**What you will do:** Each line below should be repeated exactly as written, with no pictures carried over.
Start of Supplied data
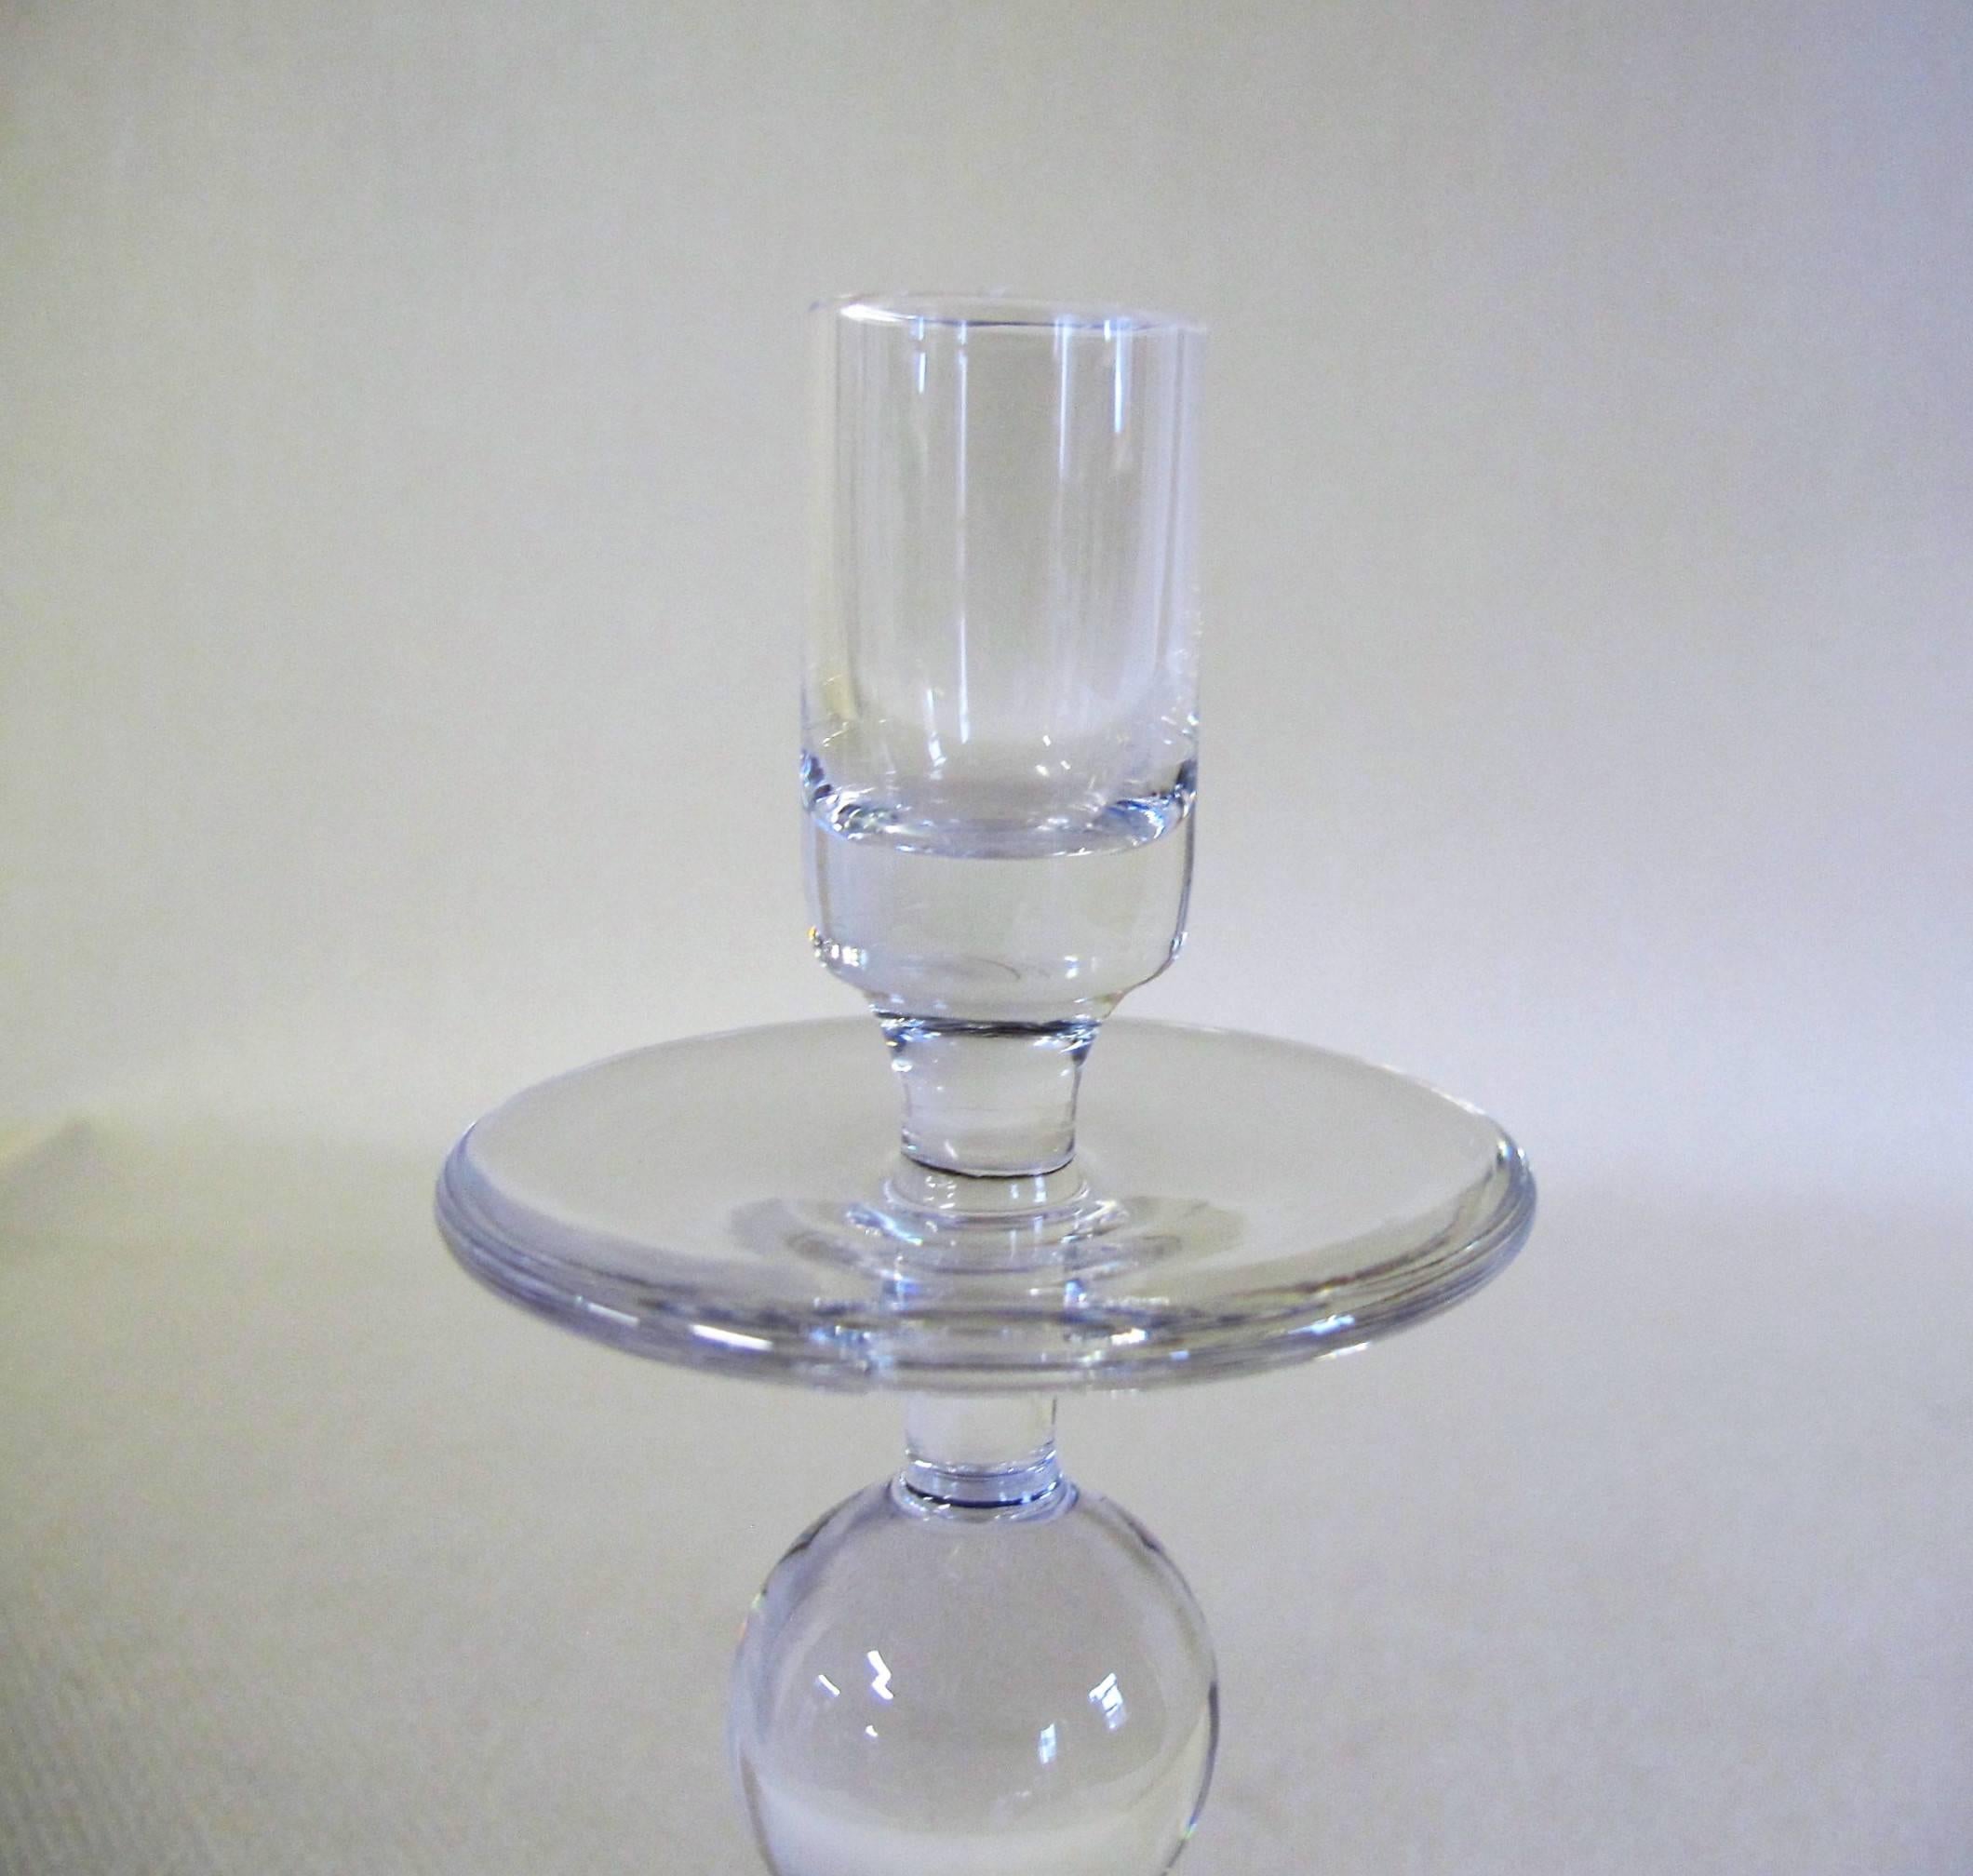 Mid-Century Modern Crystal Candleholder, Designed by A. D. Copier for Royal Leerdam, 1963
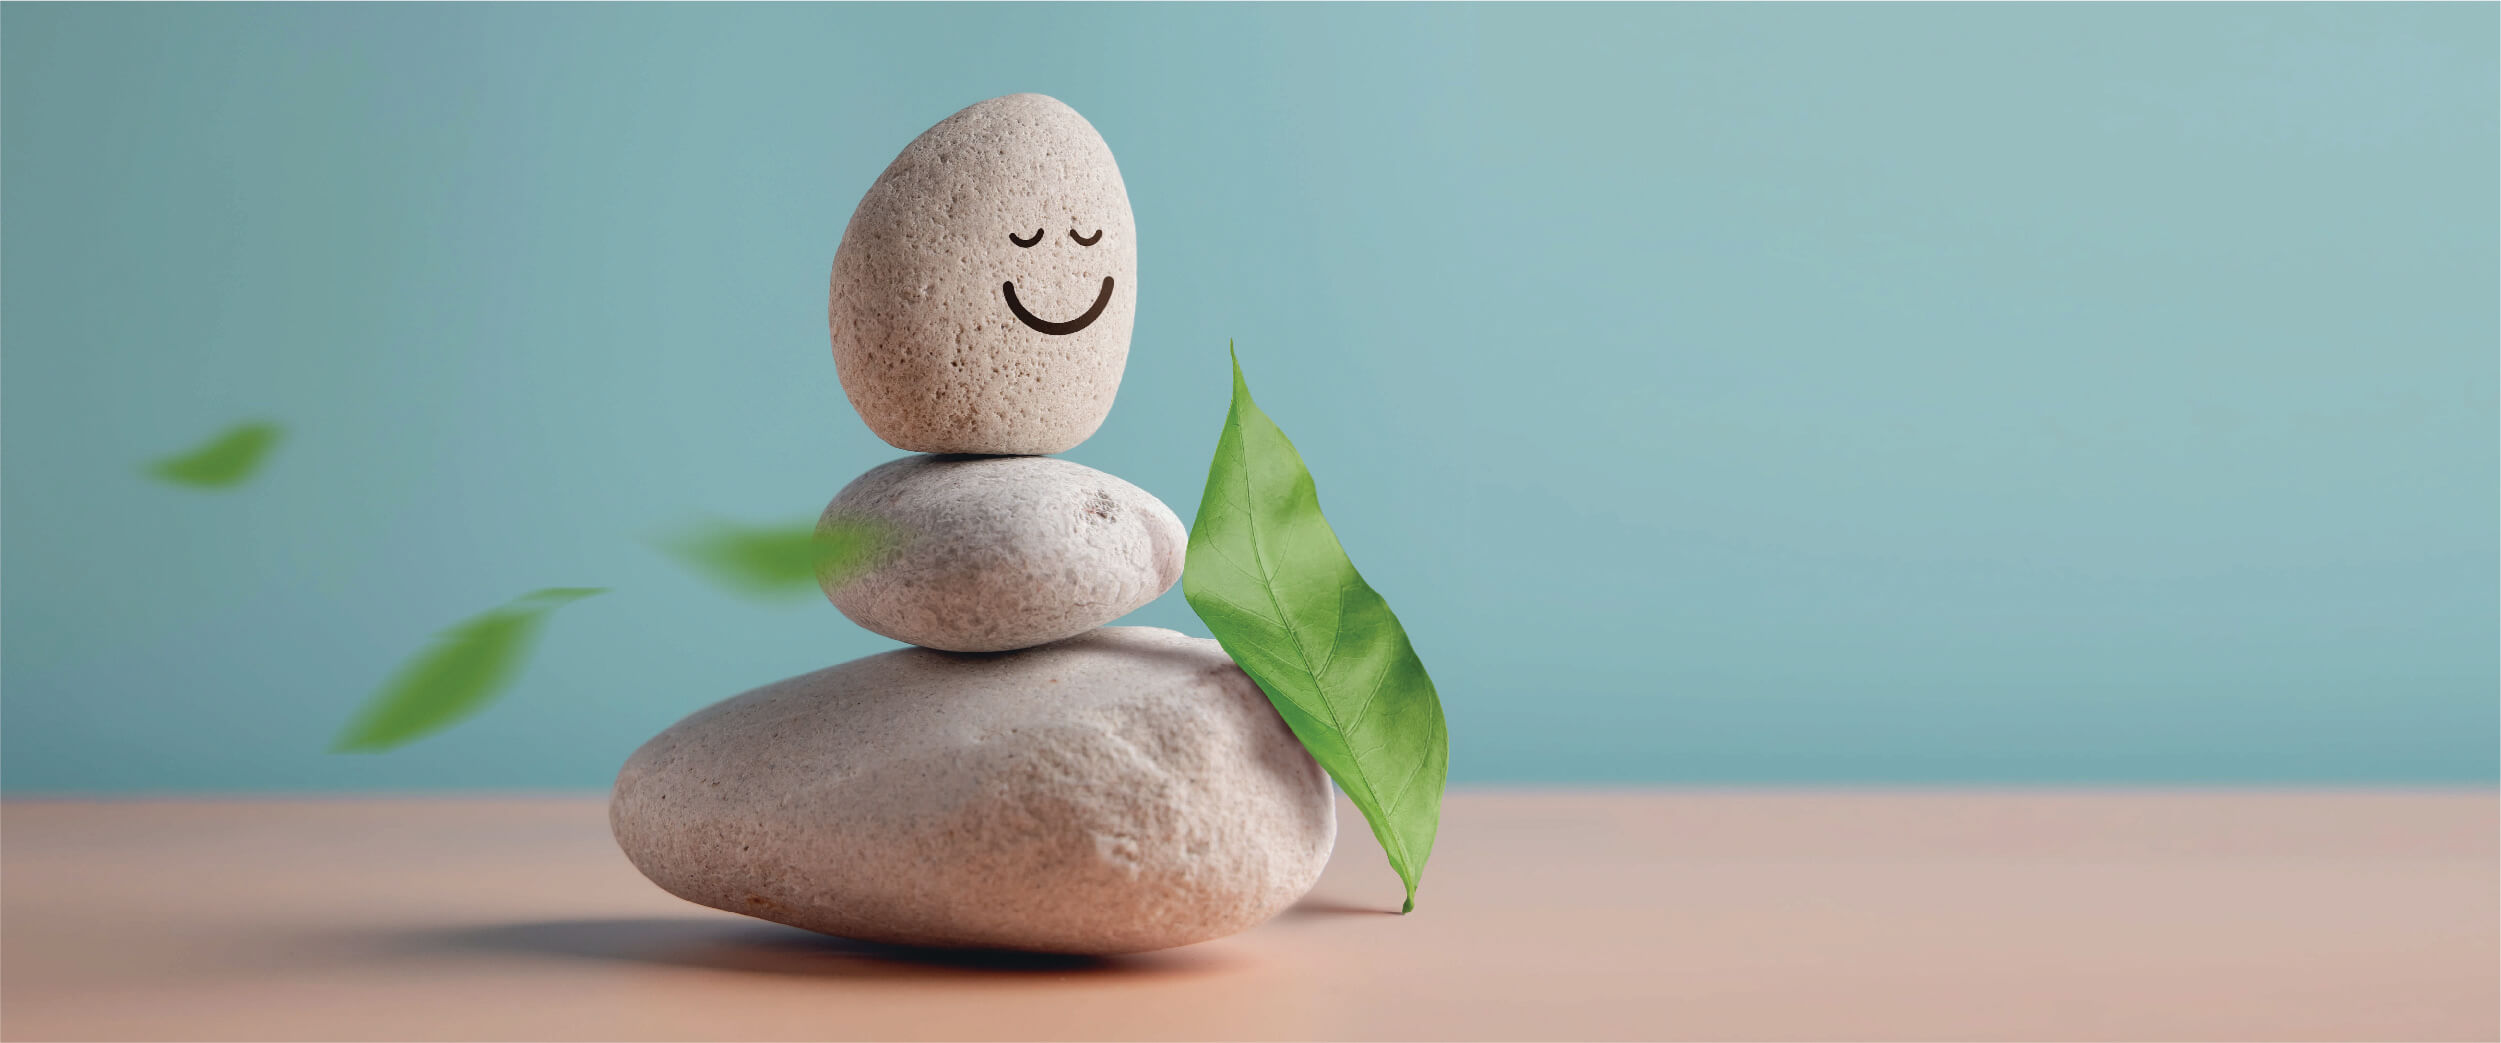 Reset, Relax, and Recharge by Practicing Mindfulness
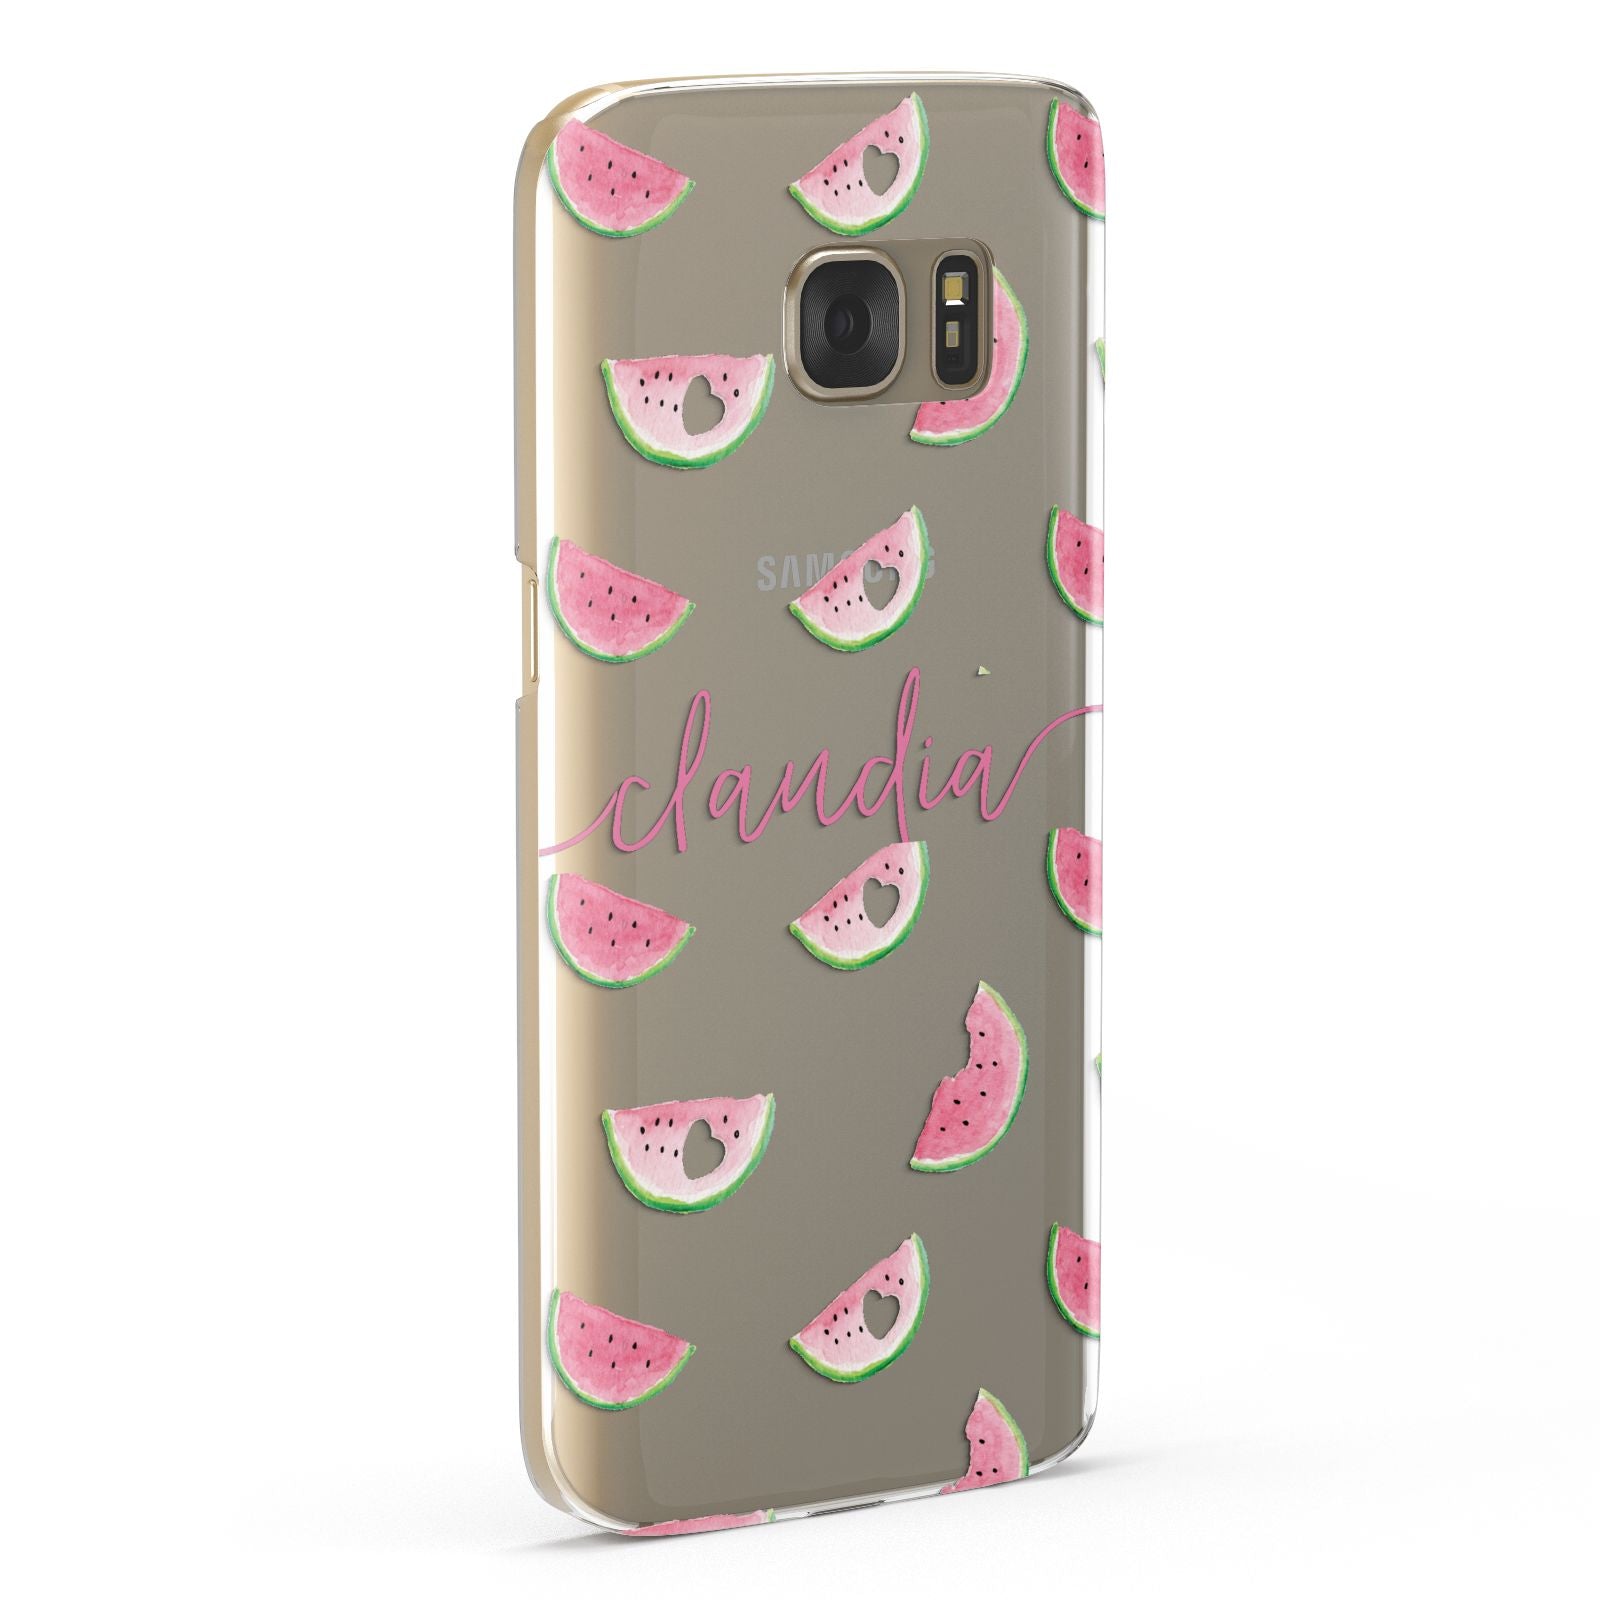 Personalised Transparent Watermelon Samsung Galaxy Case Fourty Five Degrees
End of Supplied data
**Expected output:**
 Mid-Century Modern Crystal Candleholder, Designed by A. D. Copier for Royal Leerdam, 1963
 Reset, Relax, and Recharge by Practicing Mindfulness
 Personalised Transparent Watermelon Samsung Galaxy Case Fourty Five Degrees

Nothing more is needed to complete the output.